Quite the reverse ...............the other half always takes fishing rod in van.  Head for the hills, and unstocked hill lochs.  You are bound to find somwhere to park up and catch your tea, supper or breakfast.  
The recent access code allows fishing from the banks of unstocked hill lochs  although it is quite difficult to find this in print, anywhere
BTW access code also allows boats (with no engines) on inland water.  Both refer to Scotland, and assume that no damage is done.  No idea what you can do in England, Wales or N or S Ireland.


----------



## sagart (Jun 1, 2010)

Boxerman said:


> It looks a lot more "organised" than it was when we were last there - mind you, that was quite a while ago, we still had the tent then.
> The drive there is good, an interesting road with spectacular views, as is the walk from Sligachan, long way on foot though!
> 
> Rgds
> Frank


Not so much organised as improved...you can even drink the water from the taps.  Areas for vans and hookups are available. Shop and toilets are much better, there's even a gate to the Laggan & Rubh path rather than climbing the wire.
Parking outside the campsite is more restricted and is definitel No Overnight. The notice is arguably legal, but the power of MacLeod Estates does rule.
To camp free, there are areas to the left and right of the hairpin.


----------



## Canalsman (Jun 2, 2010)

sagart said:


> To camp free, there are areas to the left and right of the hairpin.

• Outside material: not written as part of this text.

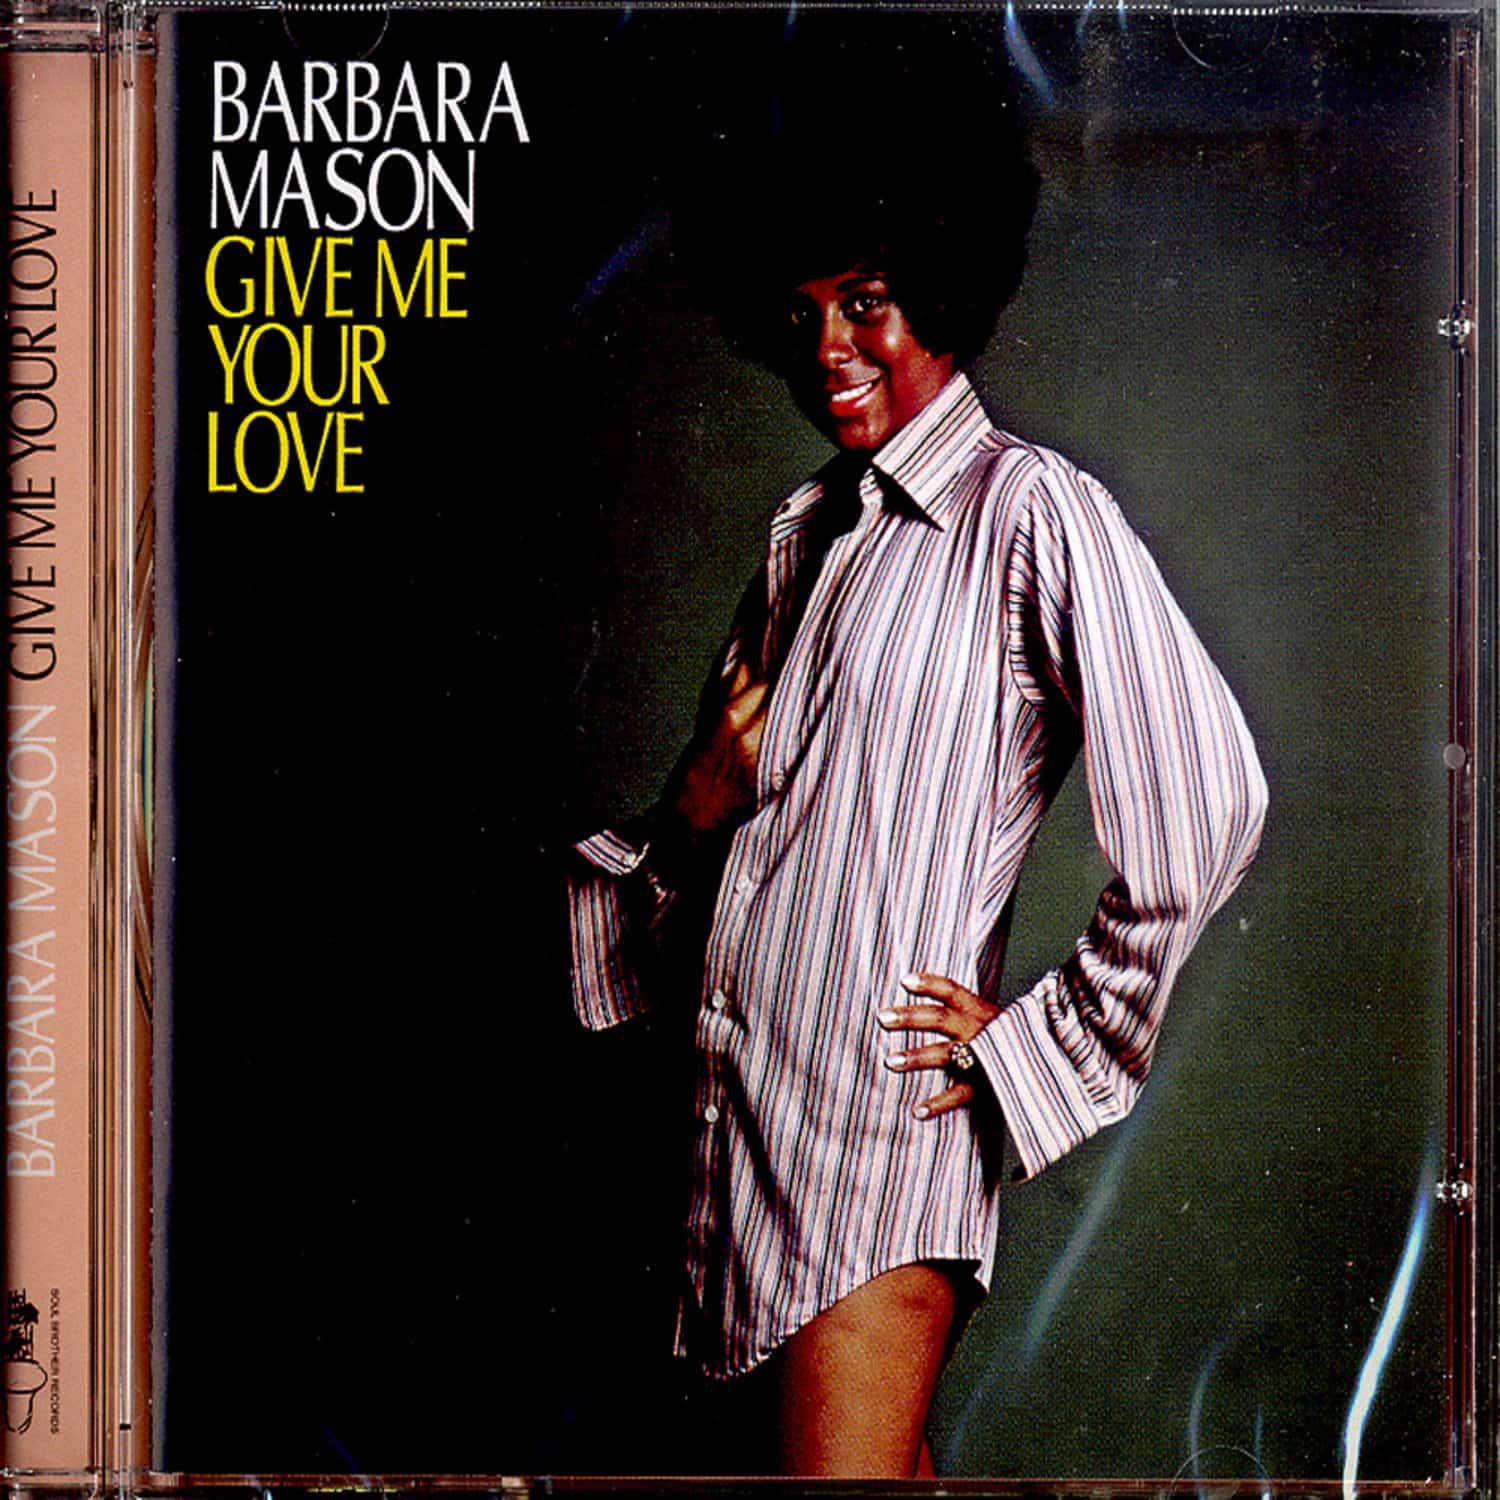 Barbara Mason - GIVE ME YOUR LOVE

Which hairpin are you referring to, pray?


----------



## sagart (Jun 2, 2010)

Canalsman said:


> Which hairpin are you referring to, pray?



Sorry, worst of being local...you just drive there!
Turn into the Glenbrittle road from Carbost and meander on until you reach the major hairpin over looking Coire na Creiche and the Fairy Pools.
Google Maps

This shows the the Carbost end at the top, so you would be driving "down" the map.

One is on the left (Forestry site) about 200 yds before the hairpin, the other is on the right about 400 yds down (also Forestry)


----------



## trickydicky59 (Jul 14, 2010)

*Sea fishing Isle of skye and applecross*

Hi all, 

First off, these are from personal experiance. Not long back from skye and applecross, and have to say have not caught so many fish in 1 holiday. Dont bother with lug or rag worm, use any variation on feathers, hookai and imatation sandeels. Fishing with bait on the bottom only results in lost gear in most places. Toscaig pier, just south of applecross, very nice wc spot, mackerel a plenty, but according to locals not much else unless you venture along the coast. Tackle is available from the post office just south of applecross, very nice lady said there was free trout fishing in the tarns off the pass. Skye. Staffin island wc site also has very good fishing of the rocks. Facing the sea, follow path to the right round the bay and fish anywhere there, pollack to 4.5 pound, caught a few and took the biggest. Naish lighthouse, long walk from carpark, But well worth it, took an hour there and back. But caught the tea in ten mins,  a nice wc spot but no dog signs avery where. so moved after fishing the point to the top of the hill. loads of mackerel pollack coalfish and launce.


----------



## hobbit (Jul 14, 2010)

*Fishing*

Hi,seanb,if you are interested in flyfishing or sea fishing try Wild fishing Scotland.co.uk
Almost all the way up the west coast it's possible to fish from the shore or rocks.To say that motorhomes and fishing don't mix is totally wrong,I've been doing it for years,mostly flyfishing.My poor wife has had to put up with being driven up some scarry tracks just so I could fish some loch or river.
Have fun in Scotland,the fishing is great and you don't need a fishing licence
as you do in England or Wales.By the way the flyfishing in the lochs up at Scourie is super,many a gret day I've had up there.
Tight Lines!!!!


----------



## louise (Aug 7, 2010)

we are new to wild camping can you give us any info on wild camping in wales or anglesea.would be most appreciated


----------